There are many different types of lenders out there and it can be a daunting task to figure out whom to go to when you need a mortgage loan. The last thing you want to do is jump at the first offer that looks attractive. For many people this choice may come down to conventional mortgage brokers and hard money lenders. Here is a closer look at how these two differ. Once you familiarize yourself with it you will be able to make the right choice.

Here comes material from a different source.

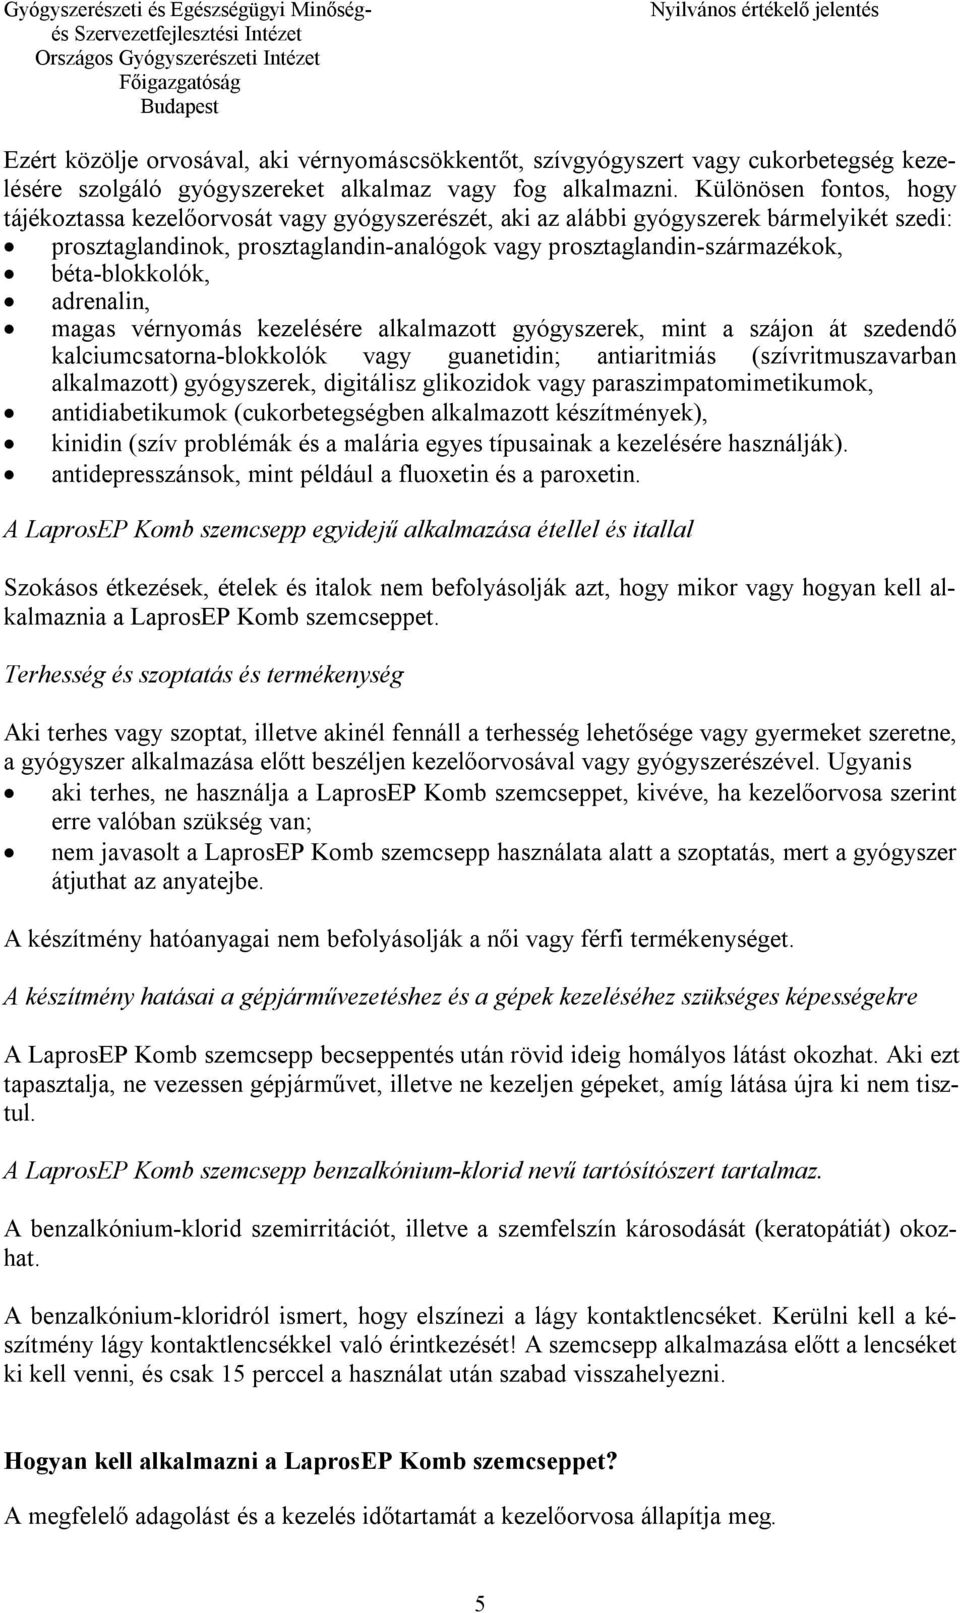 LaprosEP Komb. 0,05 mg/ml + 5 mg/ml oldatos szemcsepp - PDF Free Download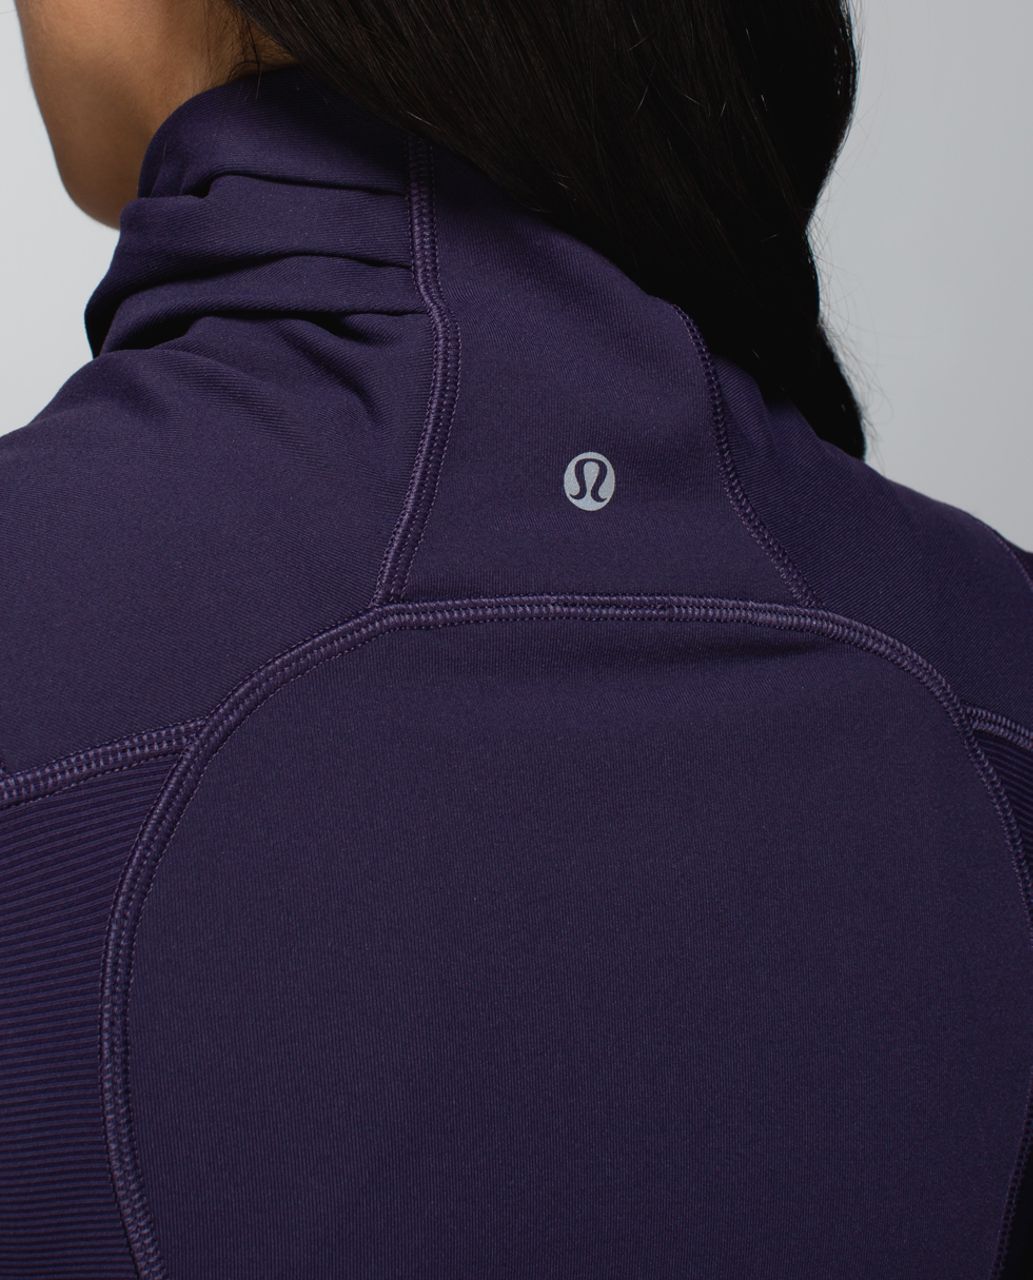 Lululemon Bhakti Asymmetrical Zipper Jacket. Pique Gray/Black. Size 8.

Individuals and institutions
Most of the conventional lenders work for or with a financial institution. This seems to be the most common type of lender and can be handled by anywhere from one person to a large part of the institution. Where hard money lenders differ is that they very seldom deal with big companies. In the majority of cases you will see them as private individuals who finance the loan.
The type of home
The conventional mortgage broker will be able to supply you with a loan for any number of types of homes and will set up the terms and conditions accordingly. The aim in this case is to help people gain enough to either place a deposit for, or buy a home. People would do this for any number of reasons. With hard money lenders, they are more inclined to lend to people who are looking at houses that could serve as a potential investment. Another aspect would be whether the house is occupied by the owner or not. These kinds of houses usually come with more restrictions and prevent the lender from getting a large number of points.
Dealing with the law
Conventional mortgage lenders are familiar with the laws regarding the most common financial legal issues that they come across. In general they do not encounter many because of the flexibility of the terms and conditions. A hard money lender, on the other hand, often know these laws inside and out because they are met with problems more often than conventional lenders. This is because lending laws are changing and most of them favor the borrower. As such, it can be difficult for lenders to get all their money back if the borrower encounters a problem with repayment.